OMA to recognize LGBTQ History Month through panels, events

The Office of Multicultural Affairs will host numerous events and discussions for students, focusing on the importance of LGBTQ history. WIKIMEDIA COMMON

In an effort to educate the USF community on hidden LGBTQ history, the Office of Multicultural Affairs (OMA) planned numerous events this month to shed light on it and allow students to discuss its impact.

These discussions and events are important to recognize during LGBTQ History Month to Cristina Yelvington, coordinator for LGBTQ initiatives, as she said learning and remembering is a vital way to keep progress moving forward for the LGBTQ community.

“Unfortunately, LGBTQ history has been erased from our textbooks, yet LGBTQ people have continued to make history and shape what kind of world we live in,” she said.

“It’s important to learn about LGBTQ history because it is integral to understanding our country and our world. It’s important to know where we’ve been to know where we are and where we’re going. It helps us to envision a future that can be better for all people.”

OMA is hosting different events to honor LGBTQ History Month, such as a documentary screening and panel as well as the Queer Trans People of Color (QTPOC) and Coffee event.

The 2020 documentary Cured will be shown Oct. 26 at 6 p.m. in the Marshall Student Center (MSC) Oval Theater hosted by OMA, the Department of Women’s and Gender Studies and the Counseling Center. The screening is free, and students are not required to RSVP to attend, according to Yelvington.

Cured depicts the story of a campaign made possible by LGBTQ activists that aided in the effort to delist homosexuality from the Diagnostic and Statistical Manual of Mental Disorders in 1973.

Yelvington said the screening will give students the opportunity to learn and reflect on LGBTQ history.

“I think it’s really important for us to know our history, to know where we’ve been, to know where we are and where we’re going,” she said. “As we consider the mental health challenges presented by the COVID-19 pandemic, it’s important for us to know what barriers have existed for LGBTQ people to get the help that they need, and why it’s so important now that LGBTQ people are getting mental health support.

“It is so important that everyone in the USF community has a better understanding of what it means to be mentally well, and how to care for others who are struggling with their mental health and who need support.”

Following the screening, a panel with USF faculty will be open for discussions about the screening or other topics involving LGBTQ issues.

Panelists include graduate program director in the Department of Psychology Jennifer Bosson, licensed clinical psychologist and counselor Darleen Gracia and author of The Lavender Scare David Johnson.
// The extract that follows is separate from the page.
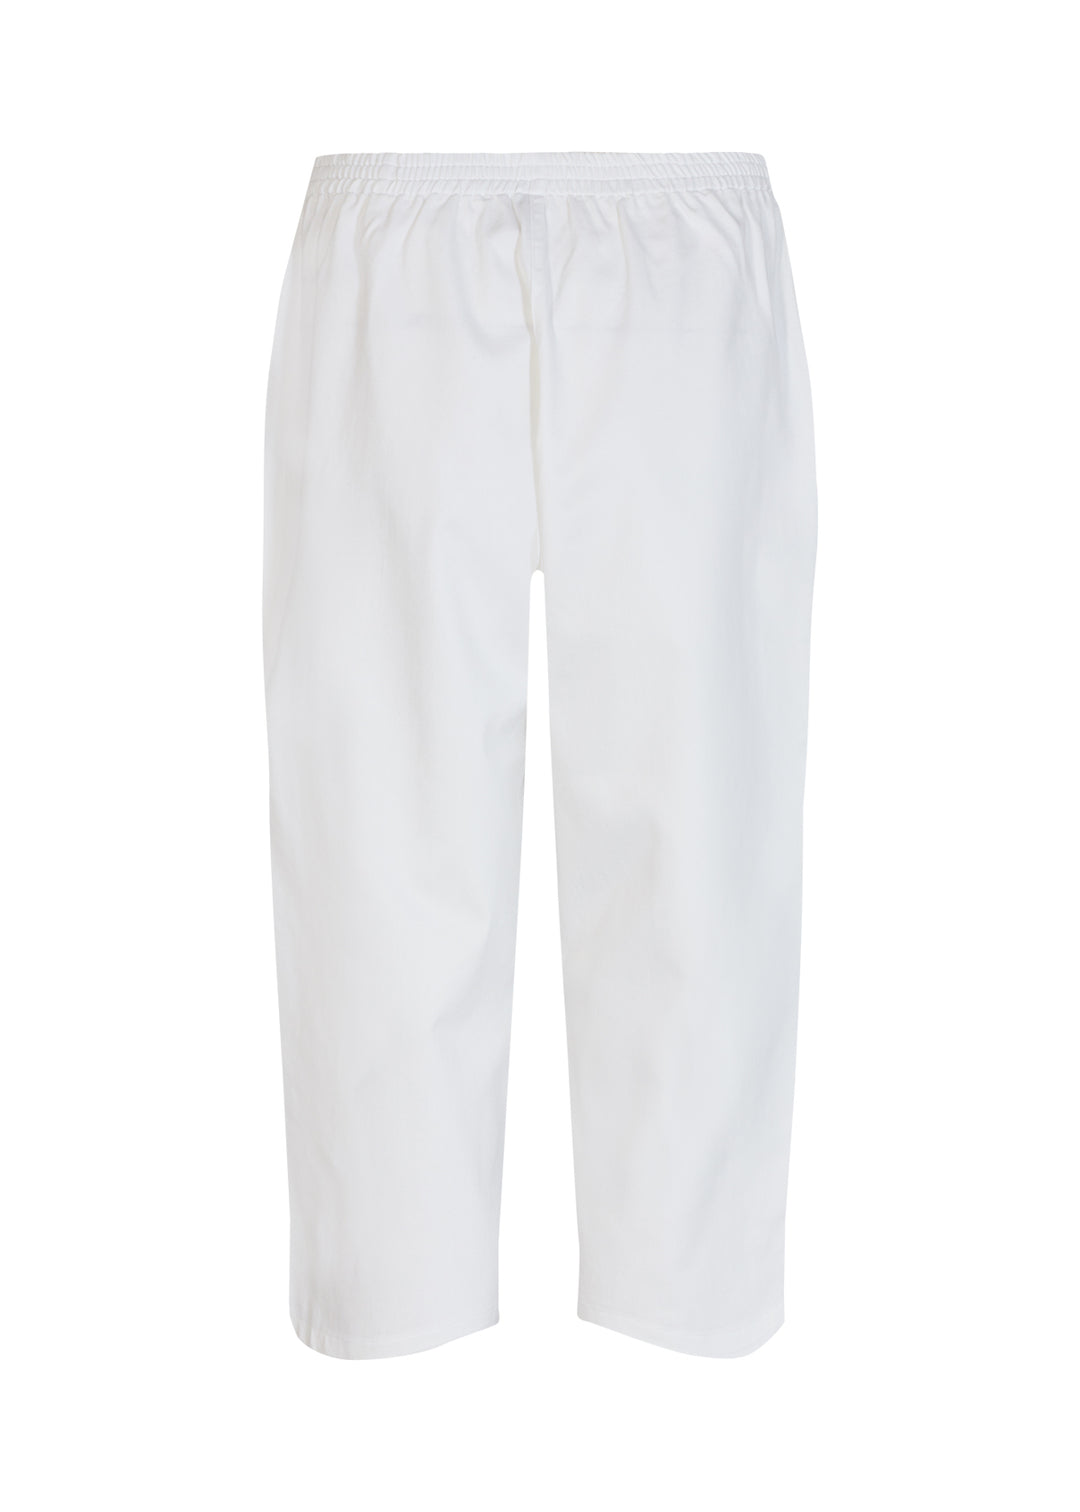 Soya Concept Spring 2024 Made from a comfortable blend of cotton and polyester, these capris feature an elastic waist and hem button details for a relaxed, casual fit.

The discussion will be moderated by Yelvington and Director of Undergraduate Studies for the Department of Women’s and Gender Studies Tangela Serls.

QTPOC and Coffee will aim to educate and start discussions revolving around LGBTQ topics and history, according to Yelvington. The next session will be Oct. 21 from 5-6 p.m. at the OMA office in the MSC.
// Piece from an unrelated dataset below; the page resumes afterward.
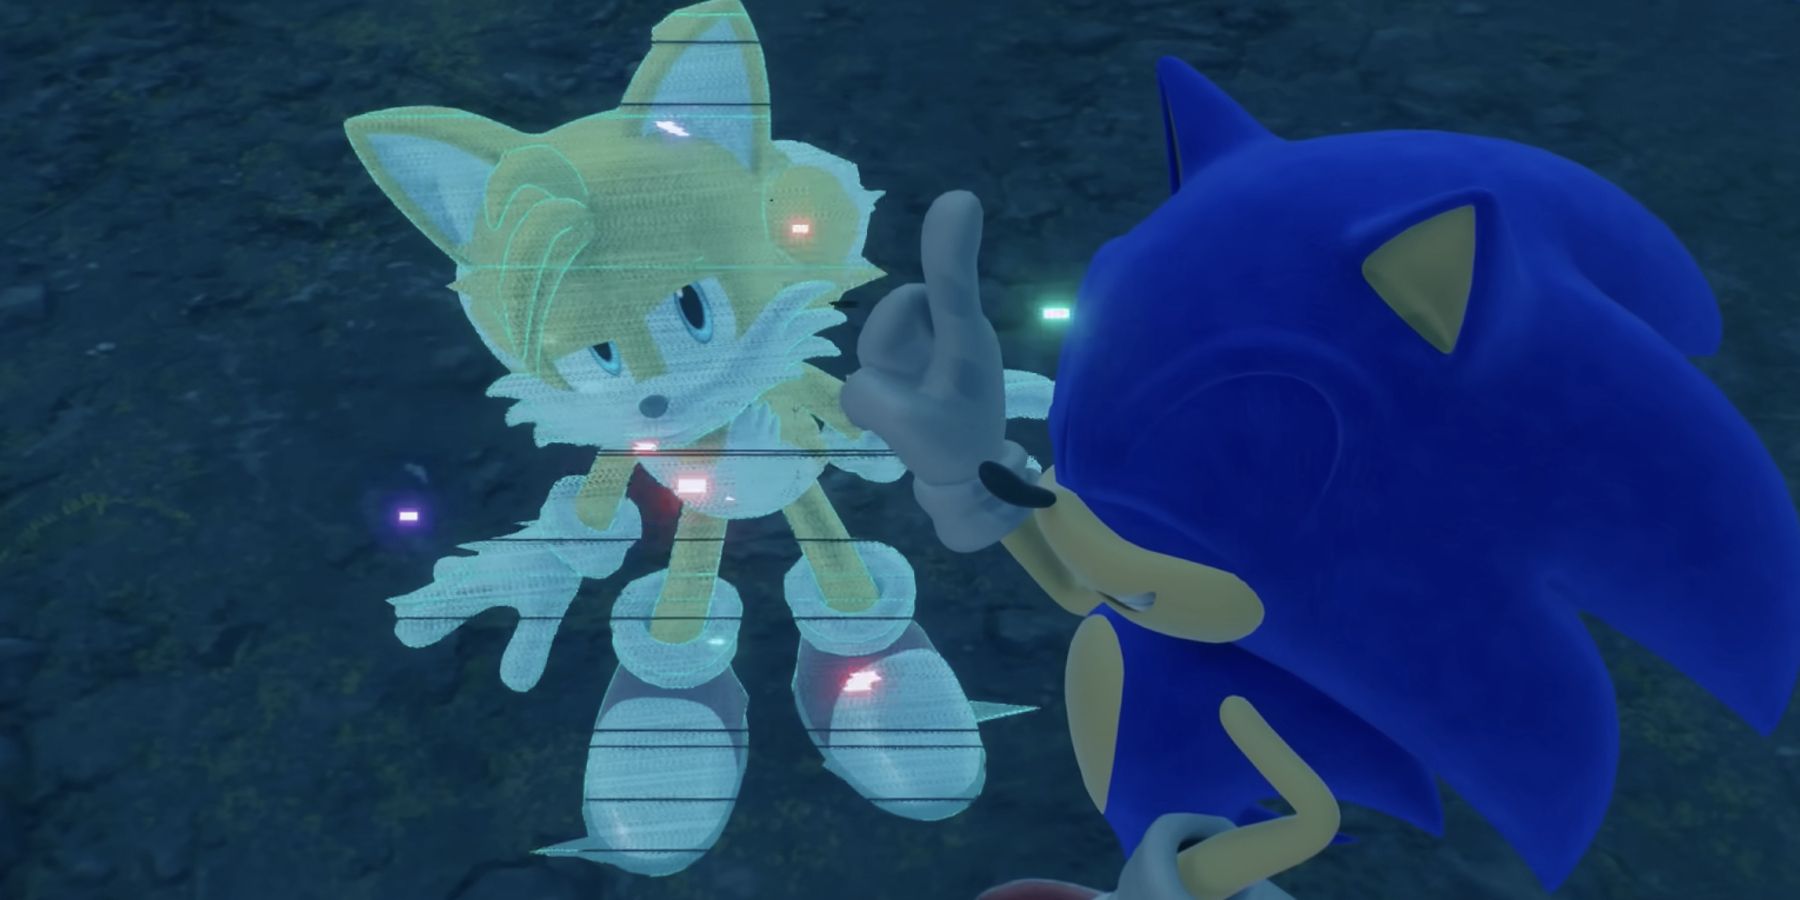 sonic-frontiers-miles-tails-prower-sonic-the-hedgehog-growing-up-conversation

“We’re going to talk a little bit about what are the major moments in LGBTQ history that have shaped our reality today, and what are some of the moments in LGBTQ history that you’ve lived through,” she said.

“We’ve borne witness to really important roles in LGBTQ history, from the Pulse nightclub shooting to marriage equality being legalized in 2015. We’ve actually witnessed a lot of important LGBTQ history.”
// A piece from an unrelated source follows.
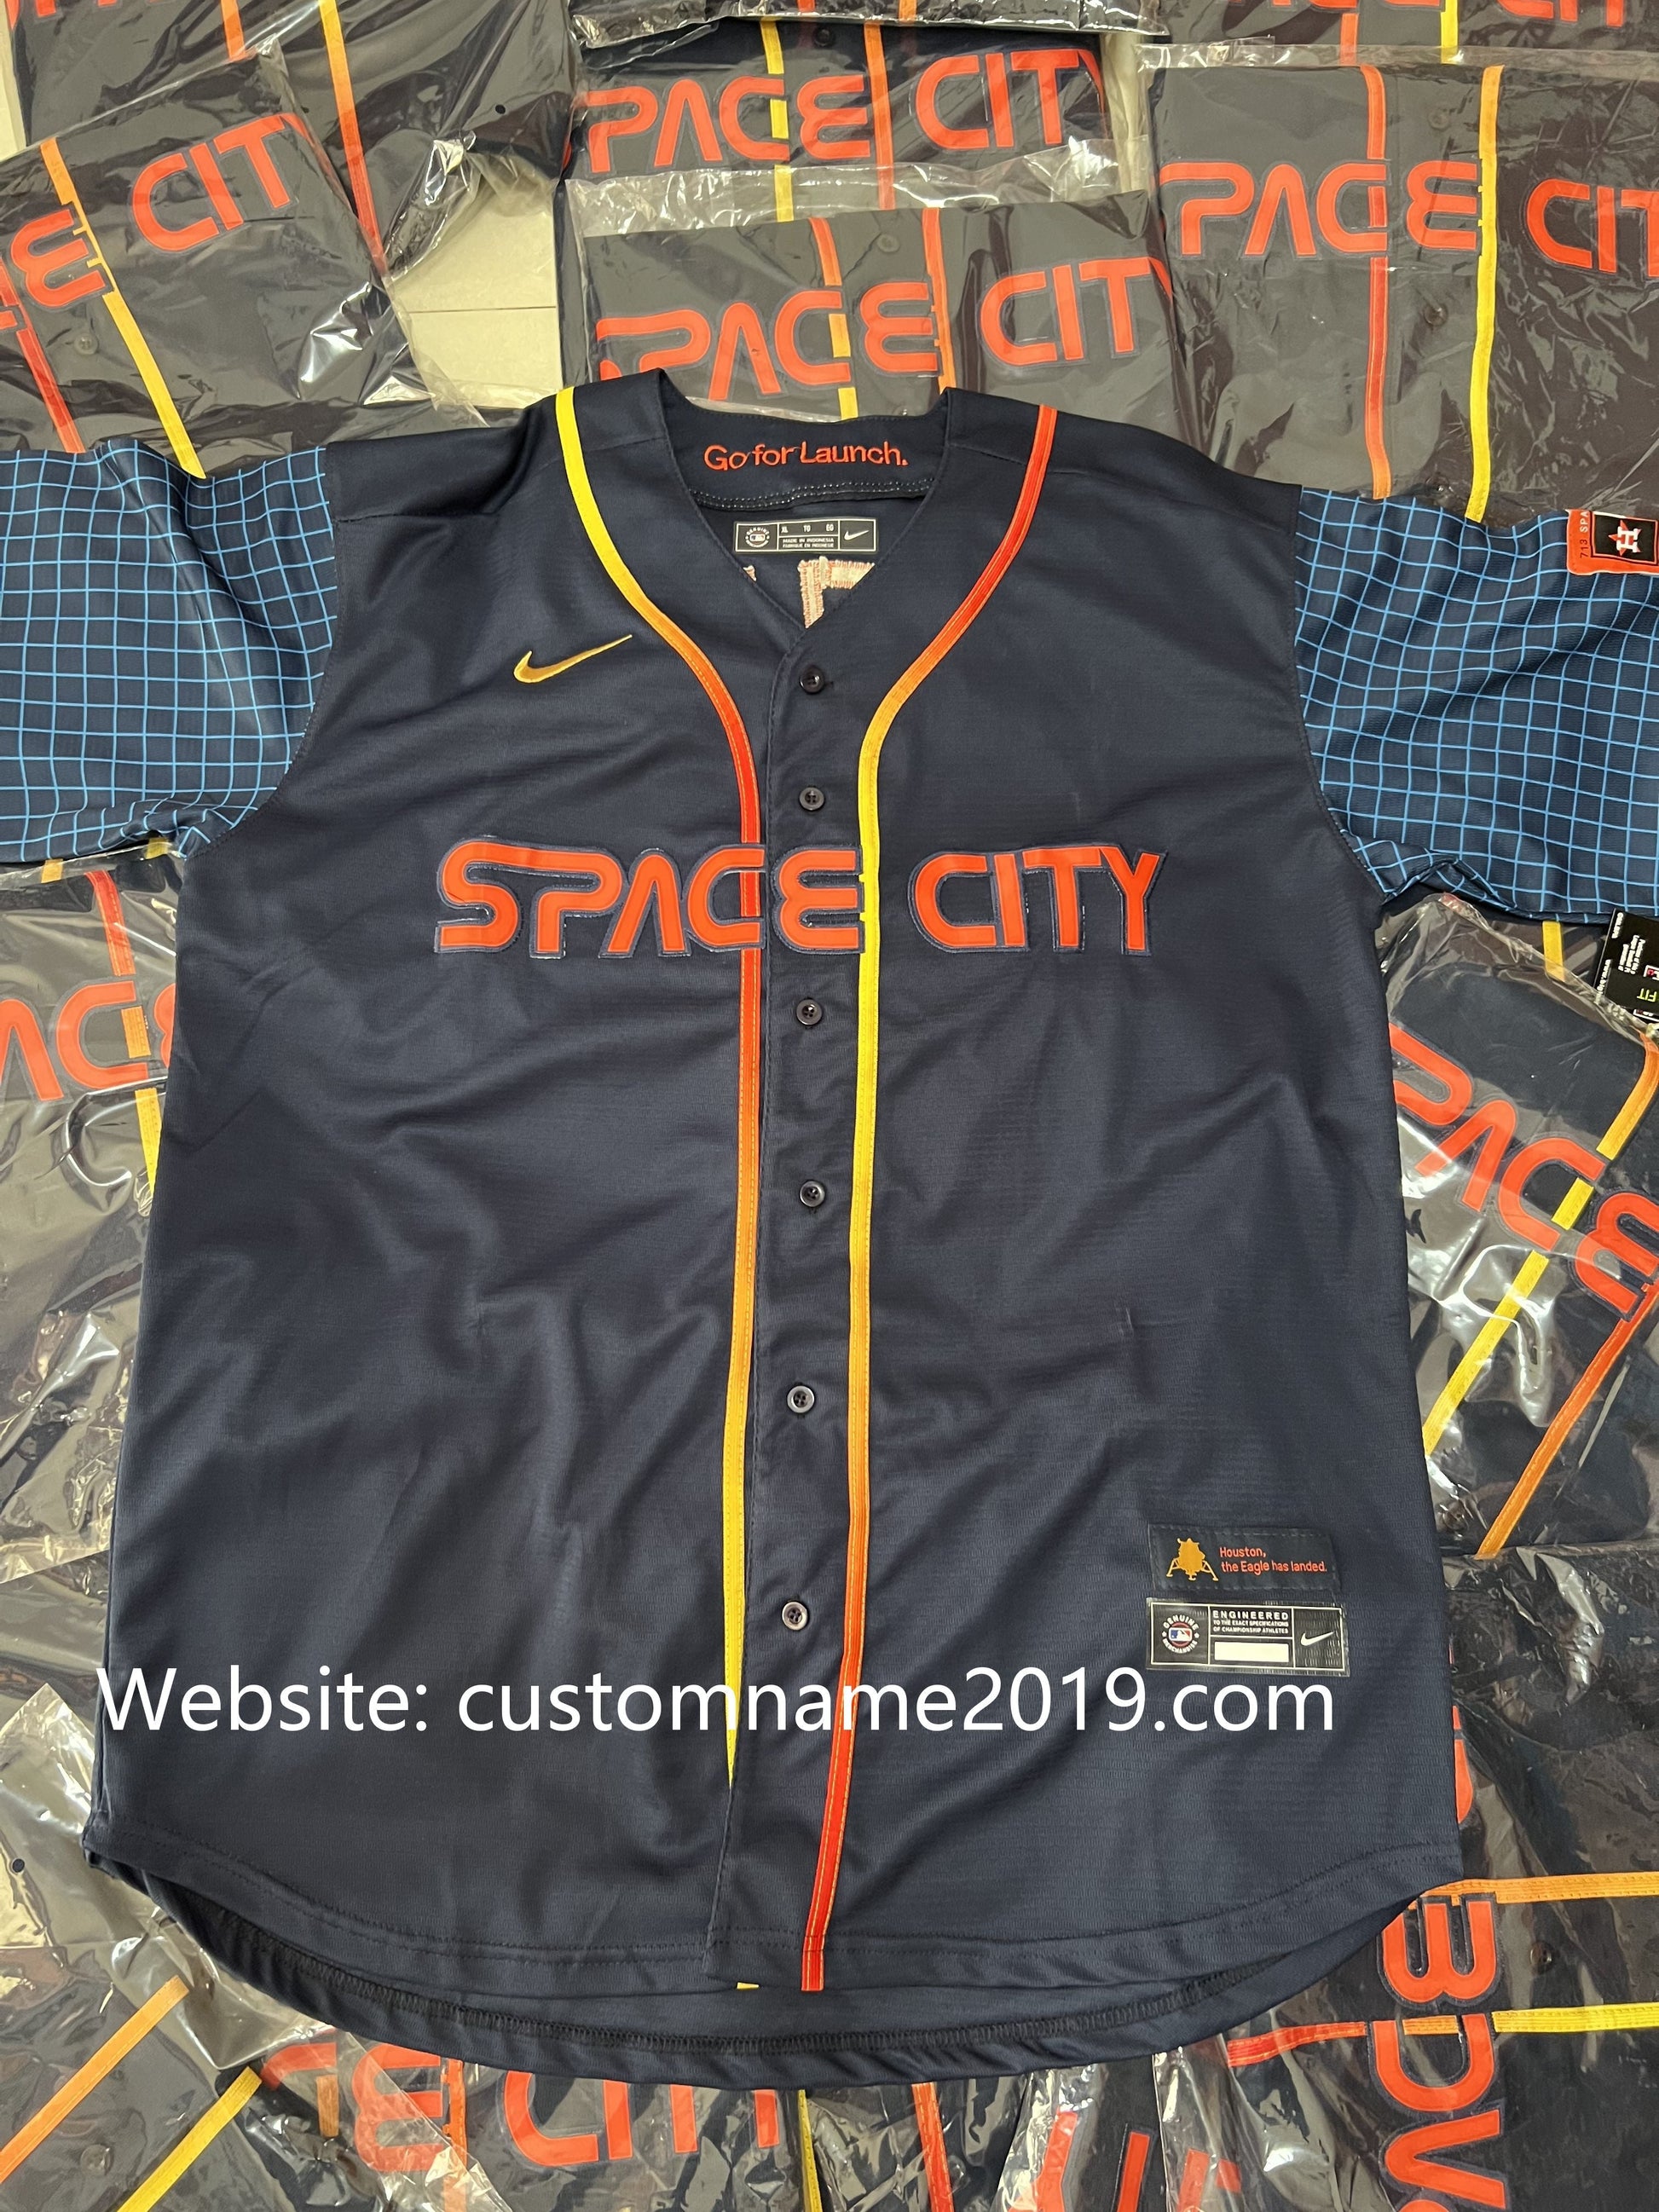 STILL TIPPIN' 🔥🤘 Custom SPACE CITY jersey letter & number kit

Throughout the month, Yelvington said she hopes these events can create a safe and welcoming environment for students, even beyond the observance of LGBTQ History Month.

“It makes a difference to students feeling like they mattered in an institution, to see that there are people like them in positions of leadership, and that the university is invested in their care,” she said. “Having visible allies and physical members of the community across campus is really vital for students feeling like they belong, and that who they are is important and celebrated.”